De hier toepasselijke verdragsbepalingen, artikel 26 IVBPR, artikel 14 EVRM in samenhang gelezen met artikel 1 EP, en artikel 1 Twaalfde Protocol bij het EVRM, verbieden niet iedere ongelijke behandeling van gelijke gevallen, doch alleen die welke als discriminatie moet worden beschouwd omdat een redelijke en objectieve rechtvaardiging ervoor ontbreekt.
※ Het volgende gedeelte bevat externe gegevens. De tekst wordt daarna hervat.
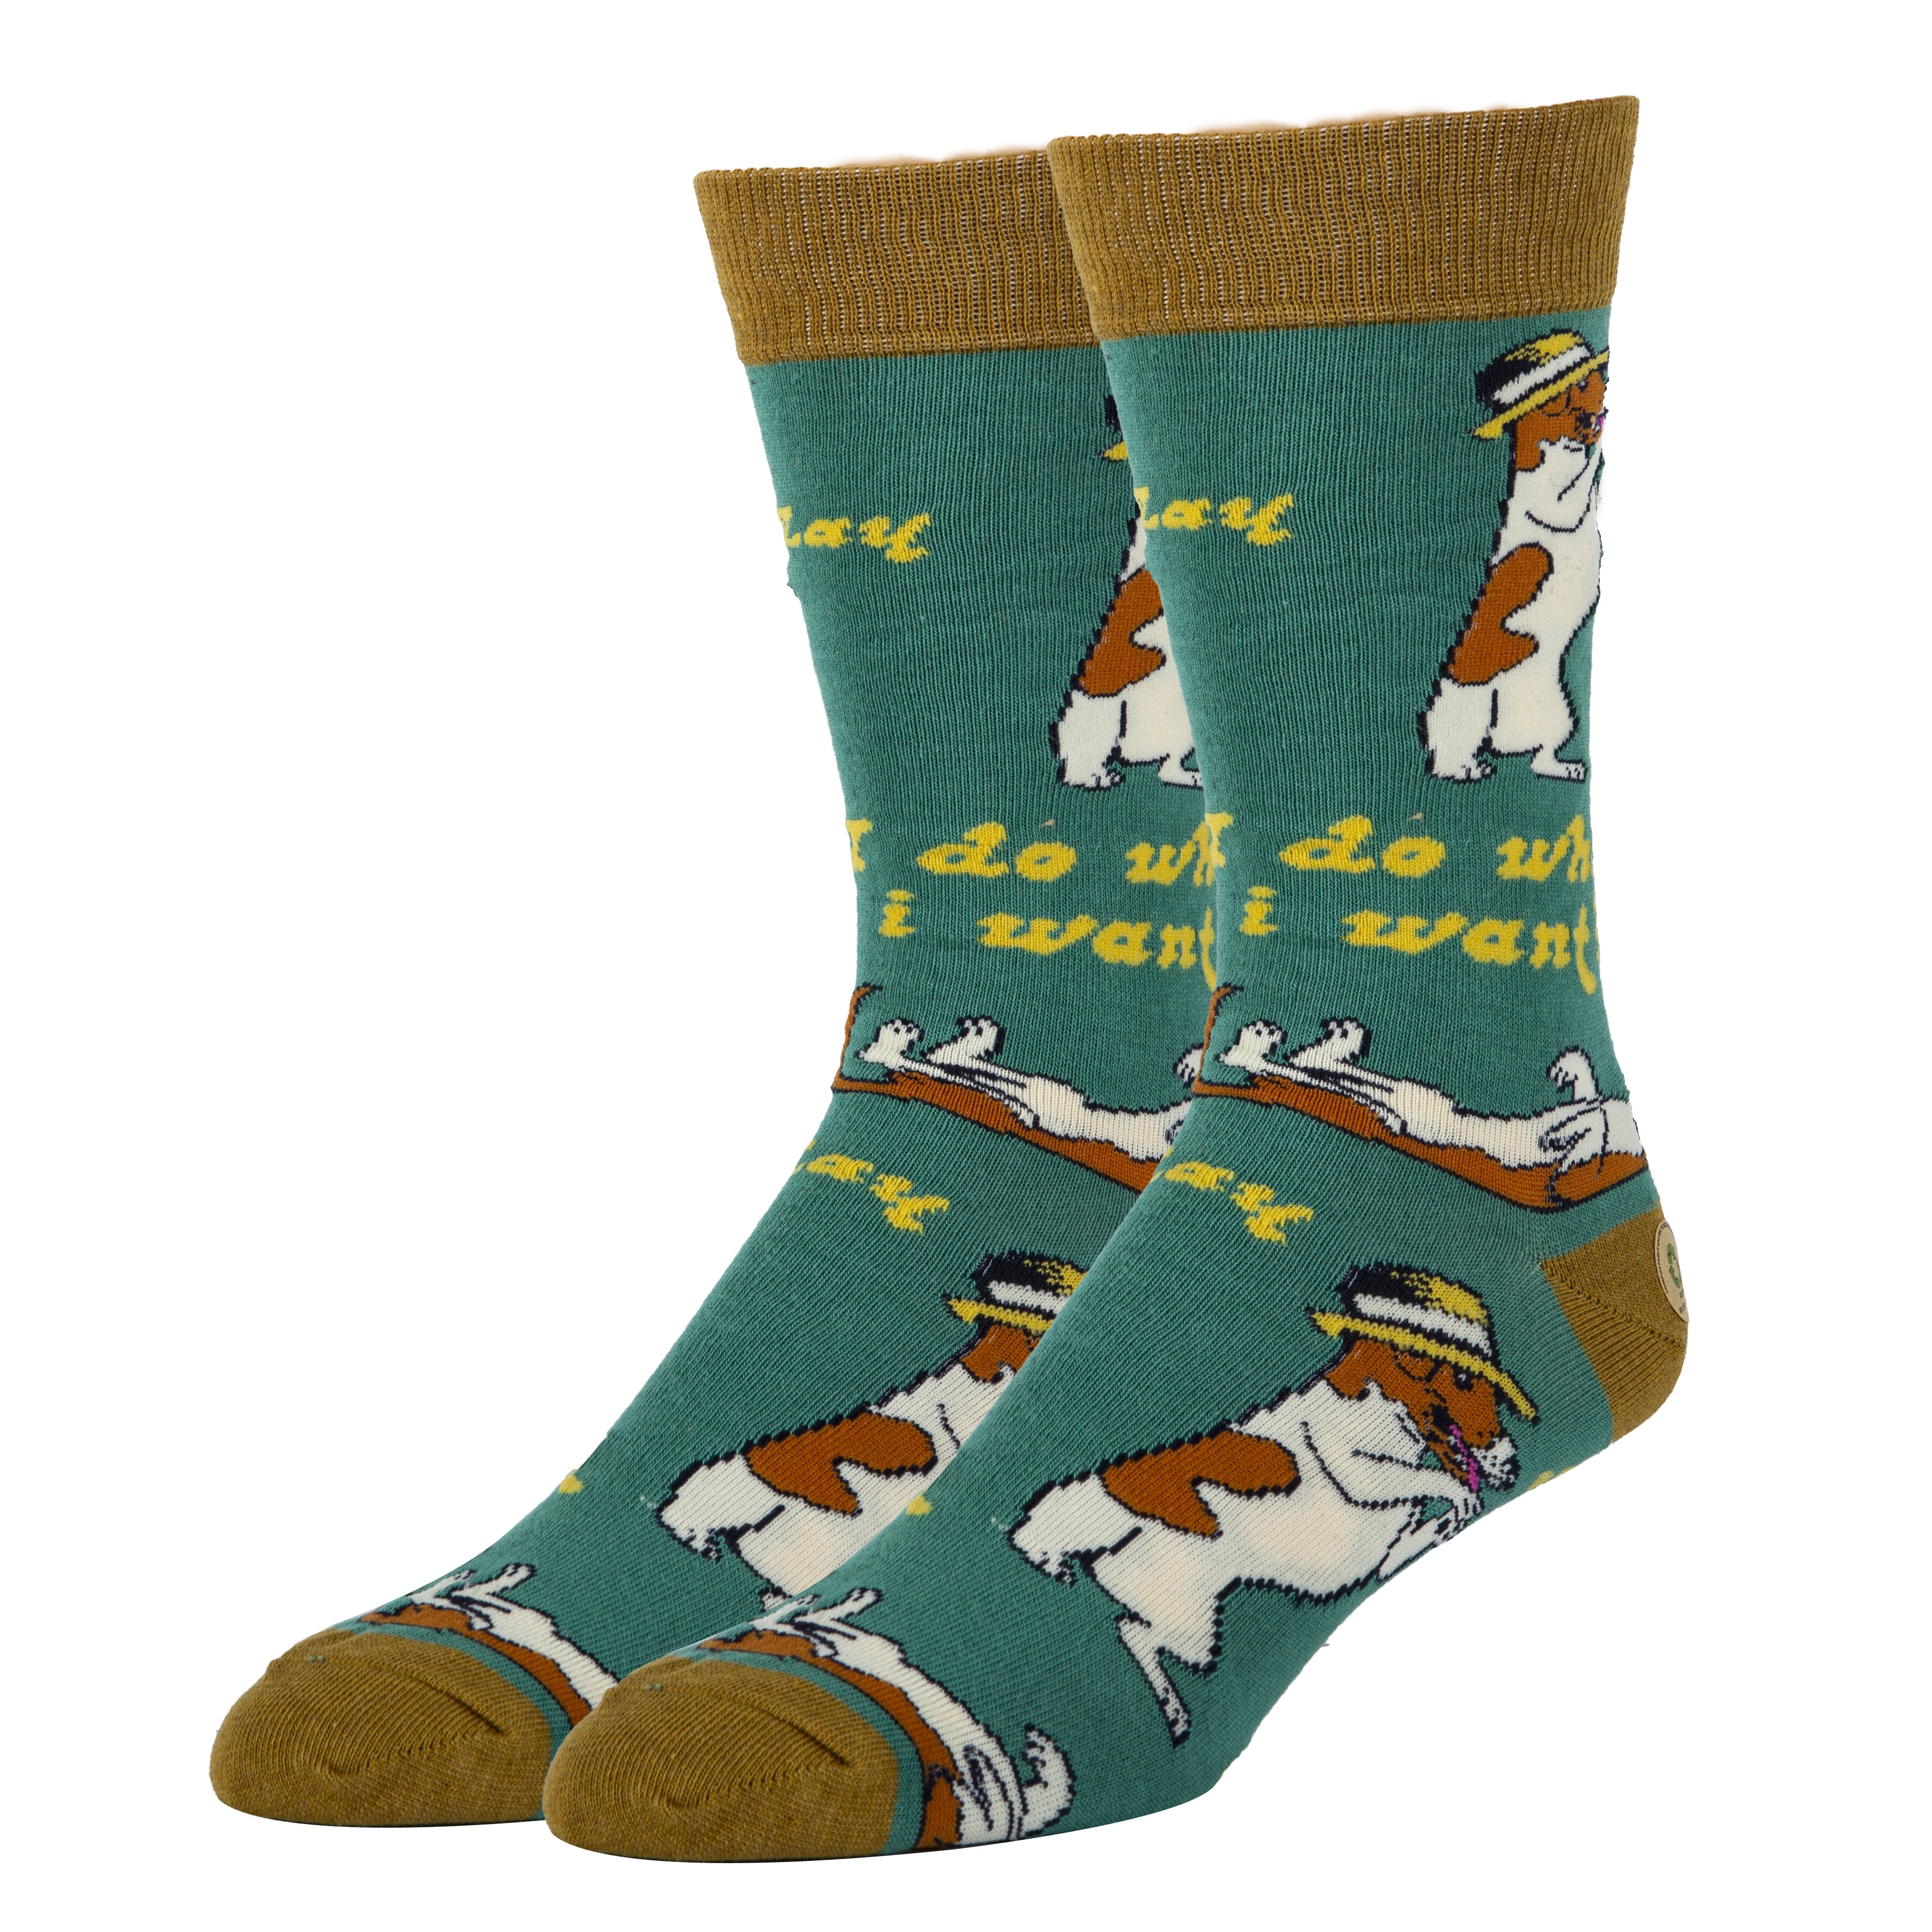 Dog Park Greetings Men's Socks  Funny Socks for Dog Lovers - Cute

Daarbij is uitgangspunt dat op het terrein van de fiscale wetgeving de wetgever in het algemeen een ruime beoordelingsvrijheid toekomt bij het beantwoorden van de vraag of gevallen voor de toepassing van deze verdragsbepalingen als gelijk moeten worden beschouwd en of, indien die vraag bevestigend moet worden beantwoord, een objectieve en redelijke rechtvaardiging bestaat om die gevallen niettemin in verschillende zin te regelen (vgl. onder meer EHRM 29 april 2008, Burden/het Verenigd Koninkrijk, ECLI:NL:XX:2008:BD3989, EHRC 2008/80, par. 60 en EHRM 22 juni 1999, ECLI:NL:XX:1999:AV1935, Della Ciaja en anderen/Italië, BNB 2002/398). Het ontbreken van zo een objectieve en redelijke rechtvaardiging kan alleen worden aangenomen indien de keuze van de wetgever evident van redelijke grond is ontbloot
Beslissing
- verklaart de beroepen met de zaaknummers 18/3857 en 18/3858 ongegrond;
- verklaart het beroep met zaaknummer 18/3497 gegrond voor zover het ziet op de toekenning van een proceskostenvergoeding in bezwaar (punt 20.);
- vernietigt de uitspraak op bezwaar ten aanzien van de proceskostenvergoeding;
- bepaalt dat deze uitspraak in de plaats treedt van de vernietigde uitspraak op bezwaar;
- draagt verweerder op het betaalde griffierecht van € 338 aan eiseres te vergoeden;
- veroordeelt verweerder in de proceskosten van eiseres tot een bedrag van € 1.333.